Why You Don’t Have to Love Your Postpartum Body but Should Believe in its Magic.

“I have stretch marks. The evidence of each baby carved into my skin. My son’s life dances above the cesarean scar that saved the life of my final baby. My second etched her marks into my hips as a permanent hug. Their stories written on my skin as a perpetual reminder of the way it stretched, morphed and survived.”

I wrote this in an Instagram post a while back. It was to express the way I love all that my body has become but it hasn’t been without trial, without struggle and forgiveness (mostly for ever believing it was flawed in the first place). I know that loving your body when it has changed so much, when it feels foreign and strange can be a battle. So, I’m going to ask you to put aside loving it for this moment. You don’t even have to like it. But take a moment to appreciate the magic.

It grew a human being. That’s pretty magical if you ask me. To create a life from scratch and to feel its dancing from inside. That’s no easy task. You didn’t read a book on how to craft an eyelash, your body knew exactly what it was doing.

You may have risen 47586 times last night and you will rise again when your baby calls. The exhaustion is real, but your legs swing over the edge of the bed and carry you to your little one. Without fail, rising time and time again for the life you so carefully designed within you.

There might come a day when your little ones mould, squish, or comment on the wobbly evidence that their life was once tethered to yours. You may cringe but look at their faces. Joy and wonderment. How did you make them? What was it like to carry them?
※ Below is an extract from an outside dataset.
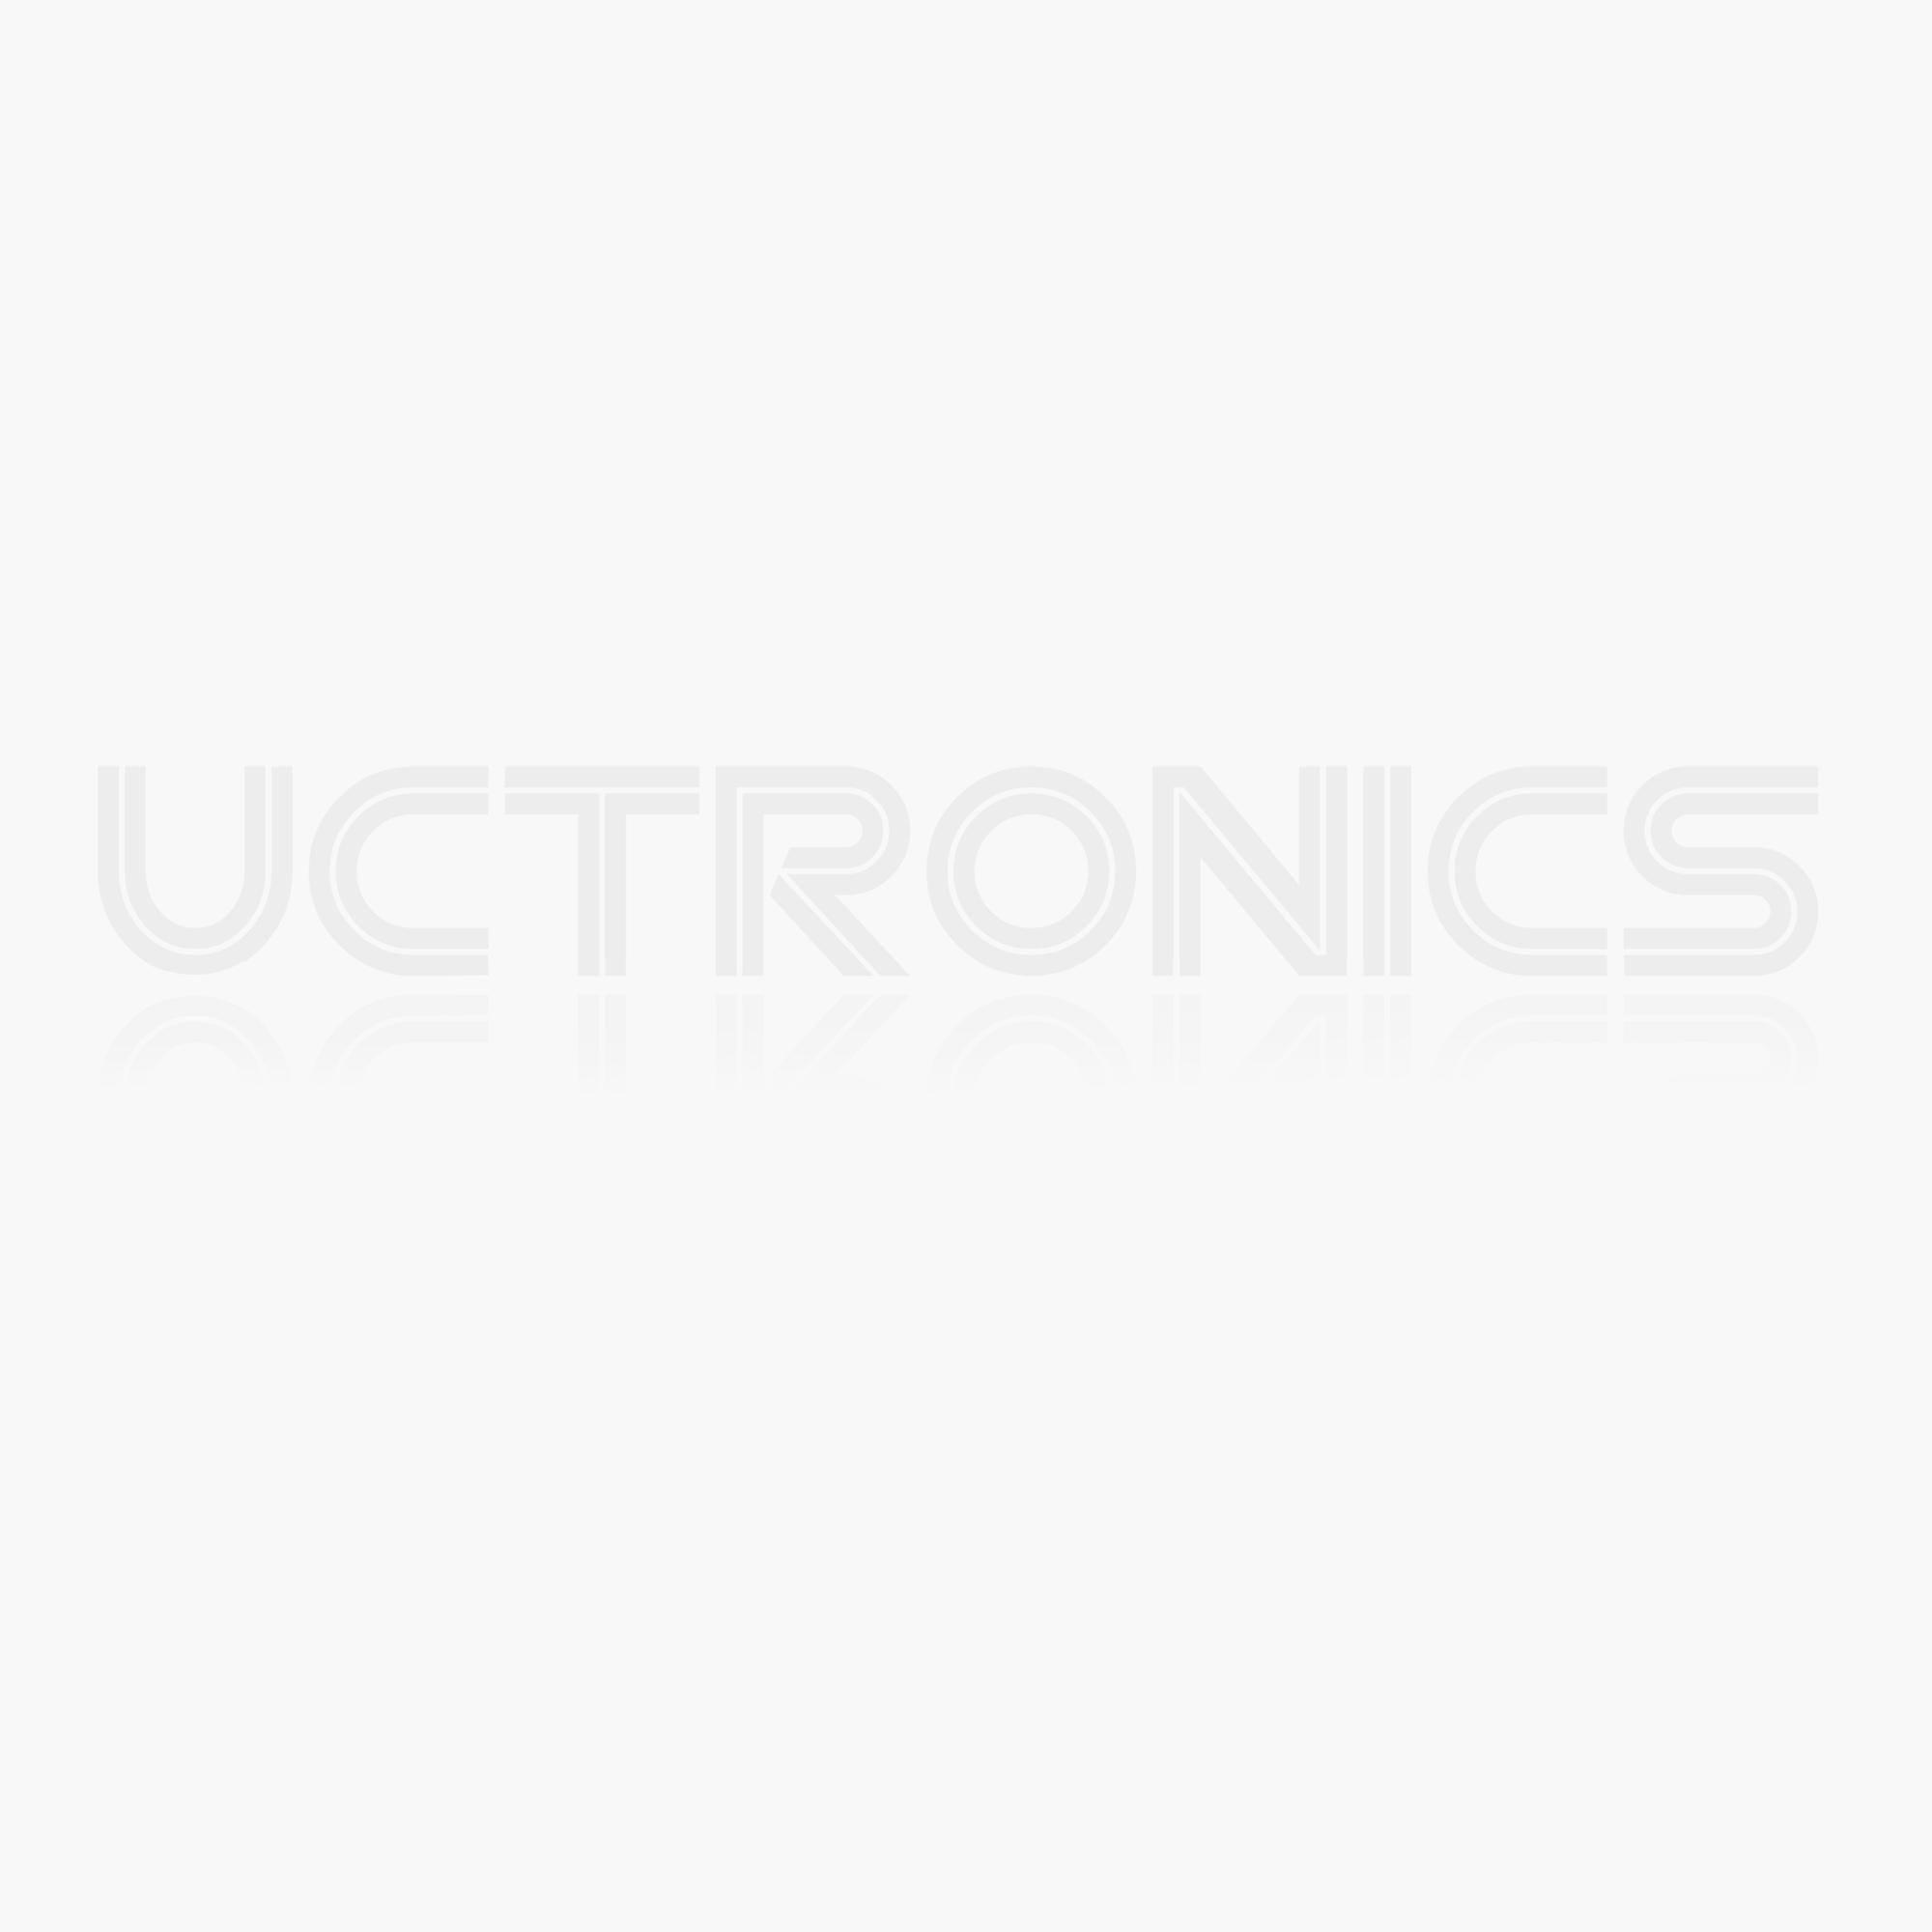 DC3V 160mA 0.28L/min Micro Vacuum Negative Pressure Air Pump for Medical Treat

They laugh and giggle as you tell them about how they kicked you while you slept or had hiccups that made your belly jolt. They are delighted in their creation.

The stretch marks, the less than perky breasts, one thin pink line where a miracle happened laying across a soft stomach are all I have left from 3 pregnancies. My kids will continue to grow, and the day will come when they no longer cling to me. But their beginnings, their beautiful existence will forever remain apart of me. My skin will always tell an enchanting tale of fierce love, resilience, life, and magic. So does yours.